Na het herstel van de oorlogsschade liep het eerste schip, het vrachtschip “Bougainville” voor een Noorse reder in 1947 van stapel. De NDSM legde zich toe op het bouwen van vrachtschepen in het algemeen en tankerbouw in het bijzonder. Vooral na de crisis rondom het Suezkanaal in 1956 ontstond grote behoefte aan tankers. Ondanks de opkomende Japanse concurrentie in deze markt leverde deze vraag een grote drukte op de werven in Amsterdam-Noord.

De reparatiecapaciteit werd ook aanmerkelijk uitgebreid. In 1955 werd een droogdok gegraven van 60.000 BRT. voldoende voor het dokken van de grootste schepen. En met de opening van een nieuwe insteekhaven in 1961 werd de kadelengte flink uitgebreid. Werf “West”, de oude NDM-werf werd de reparatiewerf, op werf “Oost”, de oude NSM-werf, werd de nieuwbouw geconcentreerd. Pas na 1960 werd de combinatie van de twee verschillend georiënteerde werven uitgebuit. Bij de verbouwing en verlenging van twee tankers werden de nieuwe voorschepen op de “Oost”-werf gebouwd en op de “West”-werf aan het bestaande achterschip gelast.

Door de verslechterende concurrentiepositie, door vooral de Japanse werven, werd de NDSM steeds meer gedwongen om werk buiten de scheepsbouw en reparatie te zoeken. Als eerste kreeg de machinefabriek een andere functie: er werden complete raffinaderijen voor Shell en Esso in het Botlek gebied gebouwd. En op de “West”-werf werden onderdelen voor de sluizen en bruggen in het Deltaplan in Zeeland gebouwd.
Arbeidsonrust, die resulteerde in hogere lonen, maakte de Japanse werven met zijn lage lonen tot een steeds grotere bedreiging voor niet alleen de Amsterdamse werven. De gehele Europese scheepsbouw ondervond de nadelige effecten van de grote Japanse concurrentie. In Nederland werd besloten om voorlopig de scheepsbouw met veel overheidsgeld en verliesgevende orders op de been te houden.

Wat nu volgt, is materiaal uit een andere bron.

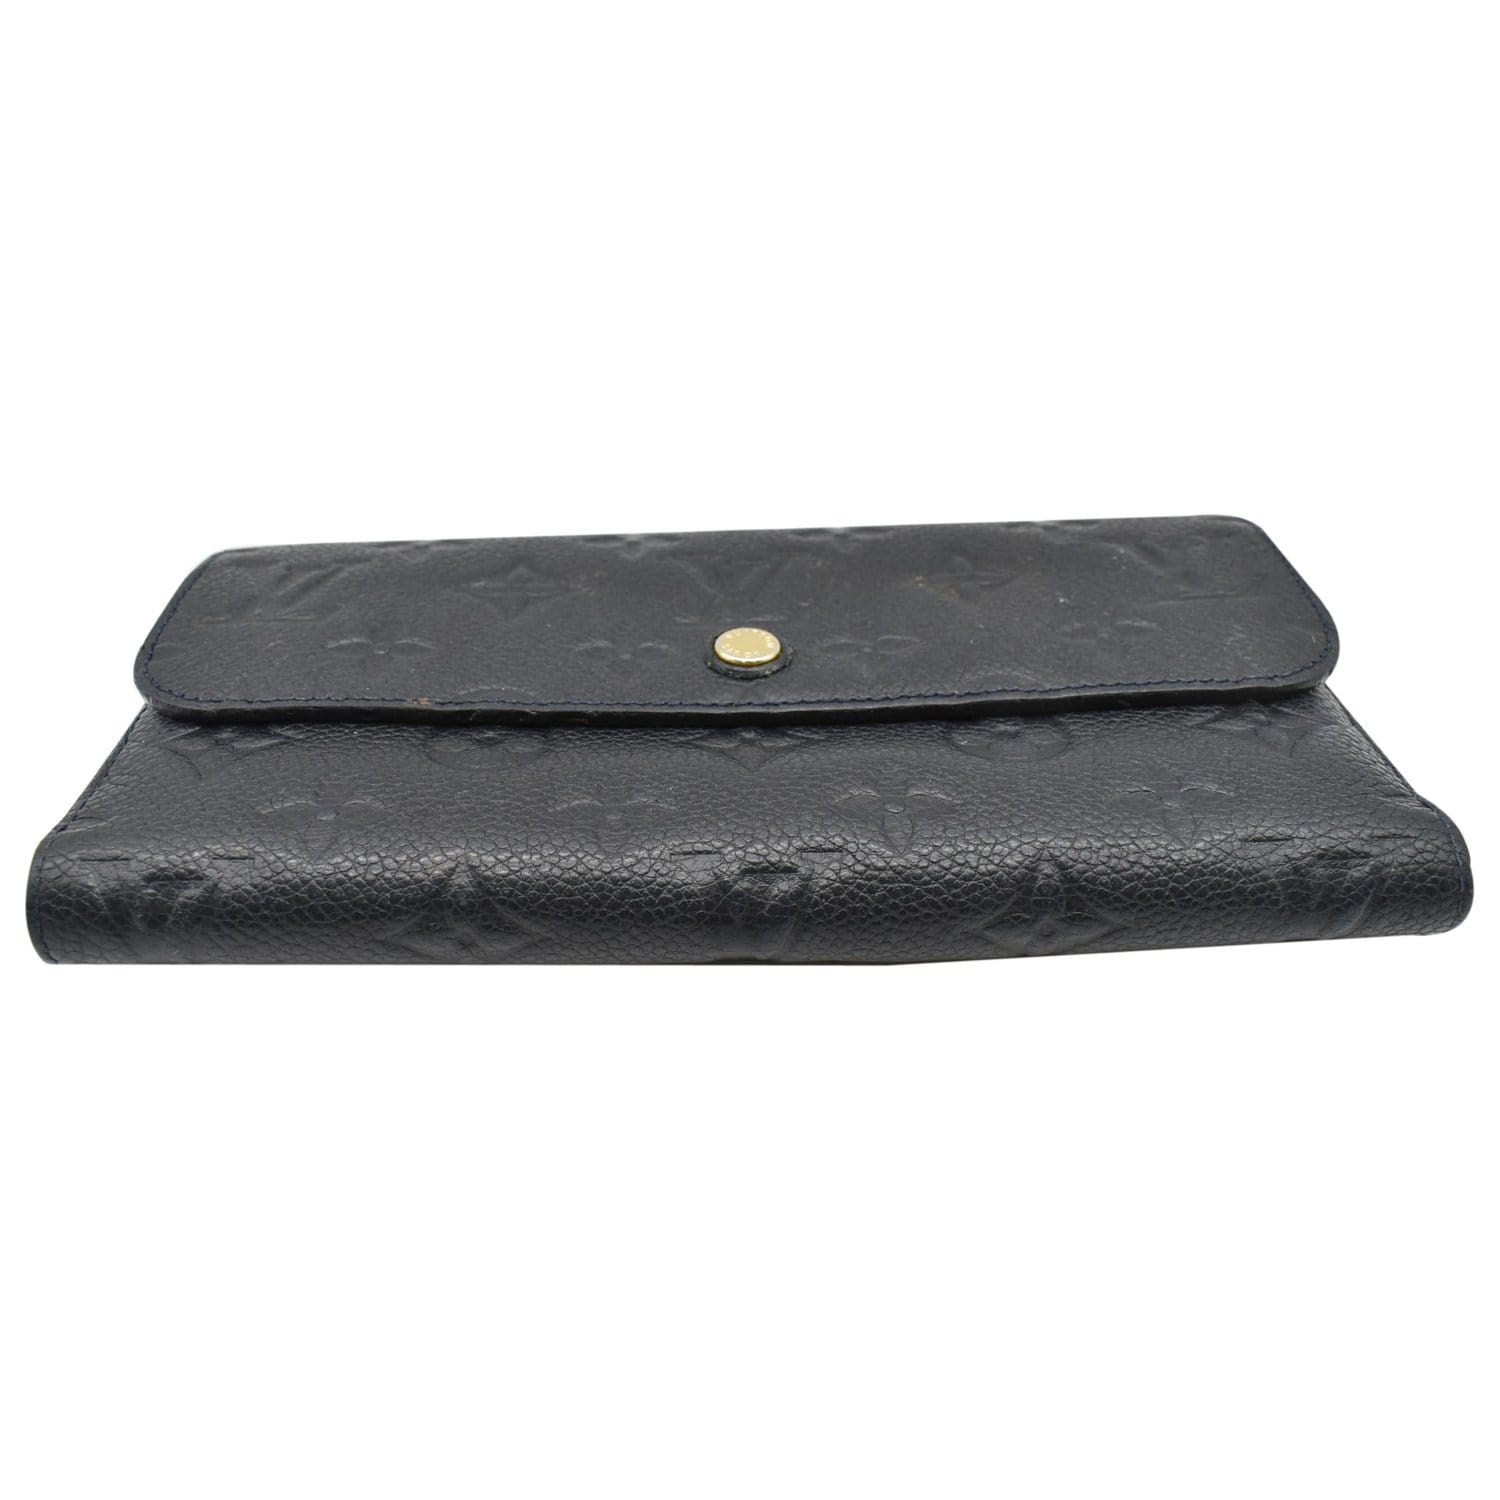 Louis Vuitton Bifold Wallet - Black Wallets, Accessories - LOU808453

Verder moest een betere samenwerking, specialisatie en meer seriebouw de scheepsbouw er weer bovenop helpen.

In het midden van de jaren zestig besloot de NDSM om zich toe te leggen op “mammoettankers”, schepen van 210.000 ton. Er waren in Europa niet veel werven die hellingen hadden waarop dit soort schepen gebouwd zouden kunnen worden. Het uitbreken van de tweede Suezkanaal-crisis in 1967 deed de vraag naar tankers weer toenemen. De bouw van dergelijke tankers bleek echter veel duurder dan aanvankelijk was begroot. Waar andere werven in bijvoorbeeld Rotterdam, de verliezen op de nieuwbouw konden compenseren door een groot aanbod bij de reparatieafdeling was de NDSM voornamelijk aangewezen op de inkomsten uit de nieuwbouw. Dat kon dus niet lang goed gaan.

In juli 1968 nam Verolme Verenigde Scheepswerven N.V. uit Rotterdam alle aandelen NSM en NDM over. In zijn memoires gaat Cornelis Verolme uitgebreid in op deze overname. Hij wist van de zeer slechte financiële staat van het bedrijf en wist ook van de grote verliezen die geleden zouden worden op het onderhanden zijnde werk op de werven in Amsterdam-Noord. Hij werd, volgens zijn lezing, door de regering voor het blok gezet. Ook Verolme voelde de enorme concurrentie van de buitenlandse werven. Hij meende echter met zijn concept wel succesvol te kunnen zijn in de markt voor zeer grote tankers en wilde voor dat doel een mammoetdok graven bij zijn nieuwe werf op de Maasvlakte bij Rotterdam. Om voor een kredietgarantie van de overheid in aanmerking te komen werd hij verplicht de zwaar verliesgevende werven in Amsterdam-Noord over te nemen.
Volgens de directie van de NDSM was het doel van de overname de enige andere mammoettankerbouwer in Nederland voor het schamele bedrag van 20 miljoen gulden uit te schakelen.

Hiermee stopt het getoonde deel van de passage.